Front Line Assembly
Wake Up The Coma
Metropolis Records
Front Line Assembly is a curious beast in 2019, one which has been retrofitted, hot-swapped, and rebuilt so many times that it’d be easy to mistake it for one of the hi-tech, low-life cyberpunk beings their songs so often examine. Yes, Bill Leeb still sits at the center of everything as he always has, but in the collaborator transitions from Michael Balch to the Rhys Fulber era, to the Chris Peterson years, to Jeremy Inkel’s tragically shortened tenure, and now into Fulber’s return, the band’s sounds and approaches on LP have cycled radically (and that’s not even taking into account their commendable forays into soundtracking).
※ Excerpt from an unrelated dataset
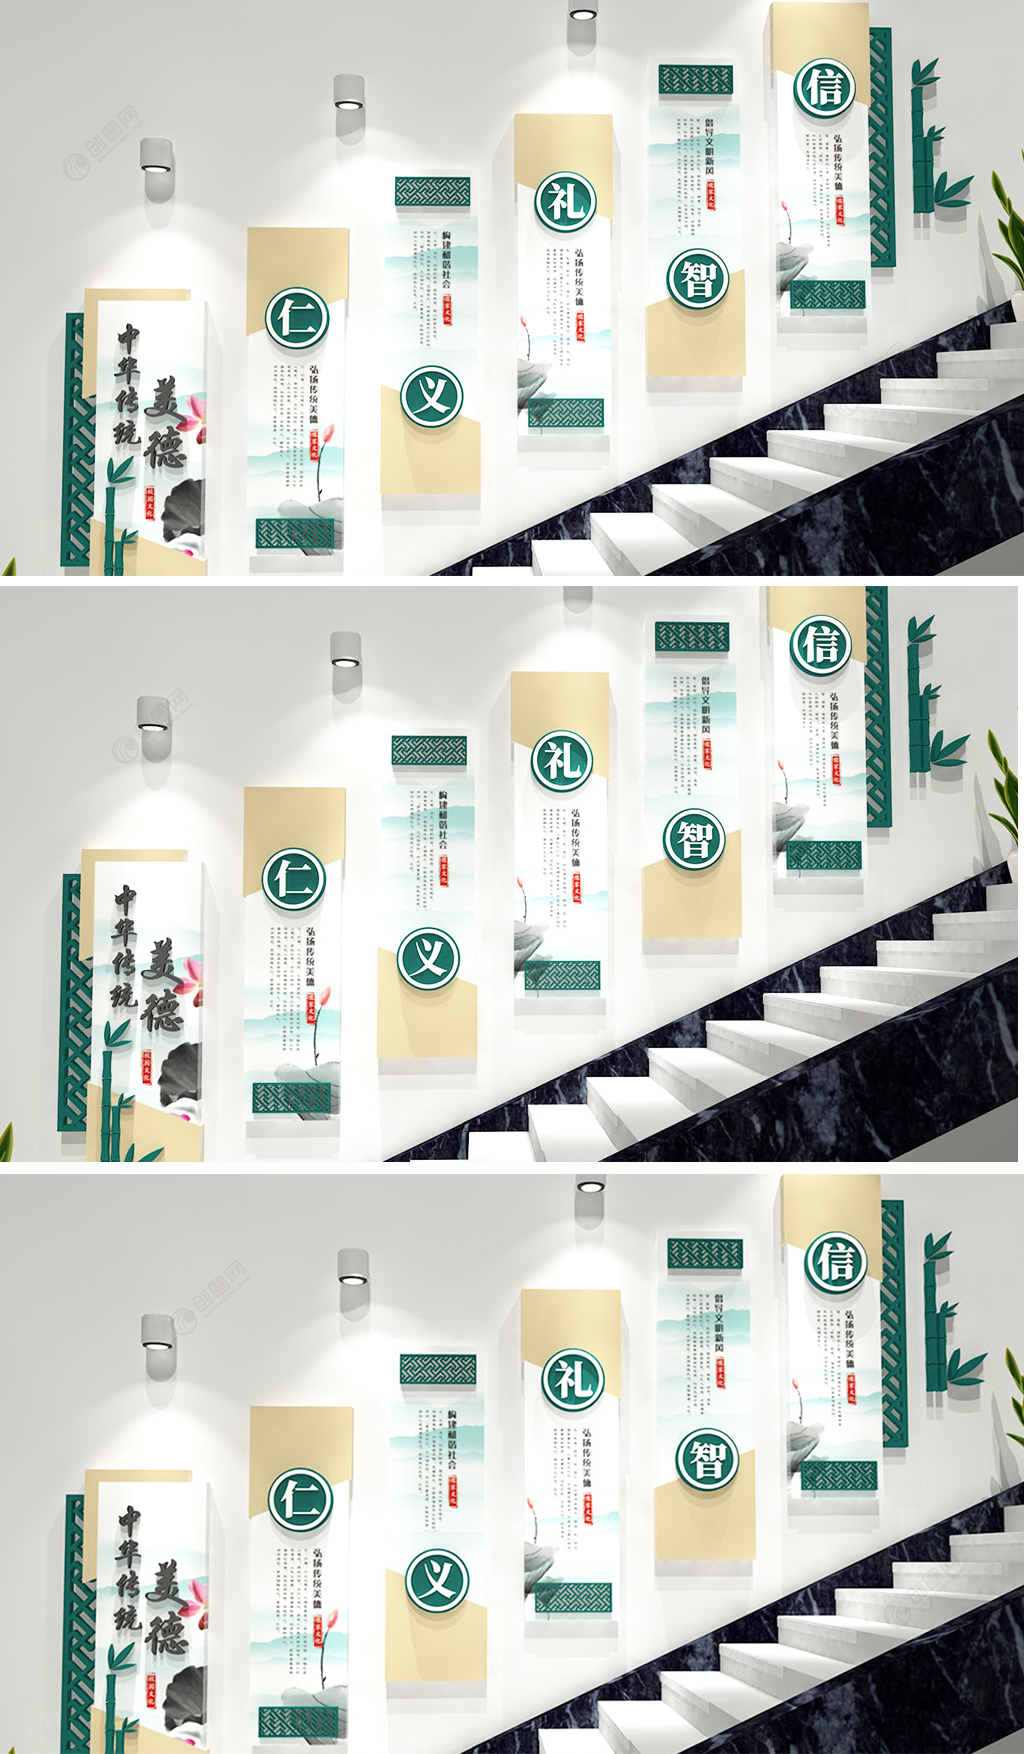 楼梯文化墙之仁义礼智信中华传统美德文化墙设计

All of which is to say that one’s expectations for Wake Up The Coma could be so far flung as to include just about anything, which is why it’s rather disappointing to find a record of half measures.
From a sonic perspective, much of Wake Up the Coma exists in the same continuum as last proper LP Echogenetic and its remix companion Echoes, taking modern EDM production techniques with an emphasis on glitchy bass music tropes, and marrying them to classic FLA electro-industrial song structures. It’s a formula that has worked well in the past, but falls somewhat flat here; despite a high standard of sound design and uniformly excellent production, there just aren’t that many songs to latch onto as a listener. Numbers like “Tilt” and “Hatevol” feel like Front Line in terms of arrangement and ambition, but aren’t especially memorable in and of themselves, and quickly fade from memory even after multiple listens. Others have good components – “Arbeit” finds an interesting intersection of syncopated rhythm and orchestral flourish, “Mesmerized” has a killer bassline – but lack for hooks. There are some defensible moments, like “Eye on You” which features DAF’s Robert Görl and “Living a Lie” (despite having lyrics on the chorus so silly they made one of our reviewers burst into laughter), both of which ride hard grooves with snappy drums, but they’re the exception rather than the rule.
Worryingly, the album is also plagued with ideas and collaborations that come off as half-baked in the context of an actual LP. The title track features Paradise Lost’s Nick Holmes doing a melodic turn on vocals, but his cadence and delivery don’t sit well in the track’s thick wash of synth blips and pads. Chris Connelly gamely makes a go of “Spitting Wind” in his Bowie delivery, but the track lacks concentration and definition, with sections bleeding into each other without resolving. Worst of all, the cover of Falco’s “Amadeus” is as rote an imitation of the original as possible, with nary a hint of FLAvour, classic or modern. Jimmy Urine’s spot-on Falco imitation would likely be a smash at karaoke night, but with the instrumentation sounding so broad and indistinct, there’s little to distinguish it from the classic version. Say what you will about the very Delerium-esque FLA cover of Madge’s “Justify My Love”, but at least it did something new and distinct with the source material. “Amadeus” commits the worst crime a cover can: not of mutating a song beyond recognition, but of cleaving so close to the original that it seems utterly redundant. FLA have gambled on working outside of their comfort zone plenty of times, but the payoff has never sounded so bereft of individual personality.
Not quite a return to form, not exactly the breaking of new ground (with the regrettable exception of “Amadeus”, we suppose), Wake Up The Coma is a middling effort from a long-standing band who’ve proven they’re still capable of much more. Comprised of different ideas and approaches that don’t cohere as an album, its few high points simply don’t make up for a lack of creative focus. There’s no reason to think that this new incarnation of the band can’t either recapture former glories or continue to find new and fertile terrain, but for the time being, Wake Up The Coma has stymied both of those ambitions.
lol @ this review
Maybe the reviewer’s problem is that they are trying to define FLA, which is silly, because in so many ways FLA has explored, experimented, fearlessly I might add – and then helped to define the boundaries of our industrial sonic landscape. I always find reviews like this laughable, it is low effort and the criticisms aimed at FLA might be better directed towards the resurgence of industrial music and the copy paste counterfeits out there.
tl,dr – This review is low effort.
You might disagree with our conclusions, but trust me: we don’t take FLA lightly and because of that, we expect better of them because we know they’re (still) capable of it. If you have specific defenses to make regarding “Wake Up The Coma”, feel free to make ’em.